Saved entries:
◆ ◆ ◆ ◆ ◆
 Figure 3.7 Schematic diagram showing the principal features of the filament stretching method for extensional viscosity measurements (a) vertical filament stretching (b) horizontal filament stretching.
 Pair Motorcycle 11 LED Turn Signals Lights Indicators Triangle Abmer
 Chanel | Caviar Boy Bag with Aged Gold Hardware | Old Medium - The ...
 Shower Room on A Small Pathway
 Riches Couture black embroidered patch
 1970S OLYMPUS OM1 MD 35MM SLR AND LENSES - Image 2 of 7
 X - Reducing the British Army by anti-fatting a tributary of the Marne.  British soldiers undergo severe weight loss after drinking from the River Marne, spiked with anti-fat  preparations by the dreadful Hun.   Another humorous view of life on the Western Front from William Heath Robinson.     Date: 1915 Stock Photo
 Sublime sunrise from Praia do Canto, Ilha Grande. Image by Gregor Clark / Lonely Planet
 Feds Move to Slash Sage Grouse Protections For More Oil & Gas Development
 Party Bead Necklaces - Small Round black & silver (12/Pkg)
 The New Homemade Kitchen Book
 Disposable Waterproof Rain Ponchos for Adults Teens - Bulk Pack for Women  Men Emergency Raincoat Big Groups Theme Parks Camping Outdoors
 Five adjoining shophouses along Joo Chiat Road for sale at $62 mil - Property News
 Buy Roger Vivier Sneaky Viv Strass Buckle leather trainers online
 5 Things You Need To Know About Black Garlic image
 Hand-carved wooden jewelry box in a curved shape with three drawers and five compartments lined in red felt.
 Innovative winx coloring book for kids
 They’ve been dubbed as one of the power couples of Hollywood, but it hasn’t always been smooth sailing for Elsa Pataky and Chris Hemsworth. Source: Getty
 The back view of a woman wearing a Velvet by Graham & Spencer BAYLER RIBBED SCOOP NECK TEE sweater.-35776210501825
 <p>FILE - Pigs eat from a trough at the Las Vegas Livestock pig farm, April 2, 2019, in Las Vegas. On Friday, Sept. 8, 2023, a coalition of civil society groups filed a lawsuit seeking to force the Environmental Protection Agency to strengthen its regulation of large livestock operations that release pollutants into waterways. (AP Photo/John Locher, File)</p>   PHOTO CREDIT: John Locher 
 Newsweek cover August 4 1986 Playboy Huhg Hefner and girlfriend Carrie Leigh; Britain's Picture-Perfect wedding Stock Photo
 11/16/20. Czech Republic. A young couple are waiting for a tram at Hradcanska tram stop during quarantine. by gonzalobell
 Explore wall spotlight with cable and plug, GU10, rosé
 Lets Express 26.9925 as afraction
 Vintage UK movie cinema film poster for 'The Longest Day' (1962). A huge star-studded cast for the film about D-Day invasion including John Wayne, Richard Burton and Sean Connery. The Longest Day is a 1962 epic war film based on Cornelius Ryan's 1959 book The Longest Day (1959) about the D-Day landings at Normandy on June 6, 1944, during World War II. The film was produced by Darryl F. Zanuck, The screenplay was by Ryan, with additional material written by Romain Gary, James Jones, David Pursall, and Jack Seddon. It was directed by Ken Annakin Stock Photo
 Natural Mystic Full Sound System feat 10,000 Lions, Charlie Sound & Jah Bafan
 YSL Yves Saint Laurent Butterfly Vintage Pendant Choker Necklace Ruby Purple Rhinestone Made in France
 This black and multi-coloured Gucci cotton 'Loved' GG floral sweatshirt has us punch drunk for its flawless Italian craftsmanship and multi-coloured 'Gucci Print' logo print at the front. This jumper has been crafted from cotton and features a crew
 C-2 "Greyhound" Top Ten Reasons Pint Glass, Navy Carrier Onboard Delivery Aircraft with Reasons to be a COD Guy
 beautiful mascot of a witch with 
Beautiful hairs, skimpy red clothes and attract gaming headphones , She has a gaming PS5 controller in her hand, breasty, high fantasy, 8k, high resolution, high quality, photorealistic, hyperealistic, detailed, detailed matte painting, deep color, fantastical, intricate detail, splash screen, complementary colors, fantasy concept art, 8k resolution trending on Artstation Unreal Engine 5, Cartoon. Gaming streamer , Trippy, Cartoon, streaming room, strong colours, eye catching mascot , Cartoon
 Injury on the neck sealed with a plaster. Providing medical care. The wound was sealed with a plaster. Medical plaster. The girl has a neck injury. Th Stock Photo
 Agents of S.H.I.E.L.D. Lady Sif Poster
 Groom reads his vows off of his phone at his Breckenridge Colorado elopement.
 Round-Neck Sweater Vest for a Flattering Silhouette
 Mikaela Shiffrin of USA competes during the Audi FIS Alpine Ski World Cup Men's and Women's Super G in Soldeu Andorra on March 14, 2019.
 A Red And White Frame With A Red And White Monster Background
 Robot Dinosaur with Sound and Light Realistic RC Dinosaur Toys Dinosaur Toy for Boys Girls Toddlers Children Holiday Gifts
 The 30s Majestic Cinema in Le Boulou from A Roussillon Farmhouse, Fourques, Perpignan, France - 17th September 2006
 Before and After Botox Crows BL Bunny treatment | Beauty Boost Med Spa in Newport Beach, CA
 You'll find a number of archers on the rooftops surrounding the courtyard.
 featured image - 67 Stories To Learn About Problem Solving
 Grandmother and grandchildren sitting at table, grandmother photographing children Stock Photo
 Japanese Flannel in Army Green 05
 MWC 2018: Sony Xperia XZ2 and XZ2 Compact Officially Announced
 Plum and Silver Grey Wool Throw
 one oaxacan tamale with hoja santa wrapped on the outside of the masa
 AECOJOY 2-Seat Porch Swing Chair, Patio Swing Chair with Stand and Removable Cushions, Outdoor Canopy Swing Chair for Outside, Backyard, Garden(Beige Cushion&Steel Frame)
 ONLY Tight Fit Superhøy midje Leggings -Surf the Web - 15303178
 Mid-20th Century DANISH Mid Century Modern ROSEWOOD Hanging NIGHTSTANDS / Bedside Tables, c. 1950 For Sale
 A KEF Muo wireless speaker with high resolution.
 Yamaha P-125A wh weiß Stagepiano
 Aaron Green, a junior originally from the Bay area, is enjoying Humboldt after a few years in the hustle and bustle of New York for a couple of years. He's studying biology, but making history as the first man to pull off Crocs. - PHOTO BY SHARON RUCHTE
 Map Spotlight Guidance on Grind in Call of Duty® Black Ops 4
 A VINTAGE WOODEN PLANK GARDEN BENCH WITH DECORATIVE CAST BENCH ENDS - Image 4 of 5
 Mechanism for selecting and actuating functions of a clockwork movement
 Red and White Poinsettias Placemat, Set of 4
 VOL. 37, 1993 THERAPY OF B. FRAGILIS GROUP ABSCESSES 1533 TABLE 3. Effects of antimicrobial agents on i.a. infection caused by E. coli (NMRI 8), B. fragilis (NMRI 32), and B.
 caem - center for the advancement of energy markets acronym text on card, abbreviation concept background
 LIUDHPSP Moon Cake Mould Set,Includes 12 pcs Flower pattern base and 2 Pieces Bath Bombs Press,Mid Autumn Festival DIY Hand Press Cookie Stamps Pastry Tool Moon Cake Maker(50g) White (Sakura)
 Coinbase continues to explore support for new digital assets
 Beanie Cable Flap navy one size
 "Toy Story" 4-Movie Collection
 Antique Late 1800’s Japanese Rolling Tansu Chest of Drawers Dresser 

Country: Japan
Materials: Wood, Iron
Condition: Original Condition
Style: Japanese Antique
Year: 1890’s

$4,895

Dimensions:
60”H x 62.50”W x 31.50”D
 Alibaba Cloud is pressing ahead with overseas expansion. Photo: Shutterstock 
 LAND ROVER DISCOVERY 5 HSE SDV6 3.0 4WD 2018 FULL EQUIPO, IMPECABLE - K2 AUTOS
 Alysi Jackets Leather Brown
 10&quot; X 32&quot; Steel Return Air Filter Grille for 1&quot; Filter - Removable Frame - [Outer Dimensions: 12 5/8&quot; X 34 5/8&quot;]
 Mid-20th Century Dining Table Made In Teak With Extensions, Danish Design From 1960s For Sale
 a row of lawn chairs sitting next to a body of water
◆ ◆ ◆ ◆ ◆
Look back at the data above. Transcribe exactly the lines starting at the line that contains "Innovative winx coloring book for kids" and ending at the line that contains "Lets Express 26.9925 as afraction".

 Innovative winx coloring book for kids
 They’ve been dubbed as one of the power couples of Hollywood, but it hasn’t always been smooth sailing for Elsa Pataky and Chris Hemsworth. Source: Getty
 The back view of a woman wearing a Velvet by Graham & Spencer BAYLER RIBBED SCOOP NECK TEE sweater.-35776210501825
 <p>FILE - Pigs eat from a trough at the Las Vegas Livestock pig farm, April 2, 2019, in Las Vegas. On Friday, Sept. 8, 2023, a coalition of civil society groups filed a lawsuit seeking to force the Environmental Protection Agency to strengthen its regulation of large livestock operations that release pollutants into waterways. (AP Photo/John Locher, File)</p>   PHOTO CREDIT: John Locher 
 Newsweek cover August 4 1986 Playboy Huhg Hefner and girlfriend Carrie Leigh; Britain's Picture-Perfect wedding Stock Photo
 11/16/20. Czech Republic. A young couple are waiting for a tram at Hradcanska tram stop during quarantine. by gonzalobell
 Explore wall spotlight with cable and plug, GU10, rosé
 Lets Express 26.9925 as afraction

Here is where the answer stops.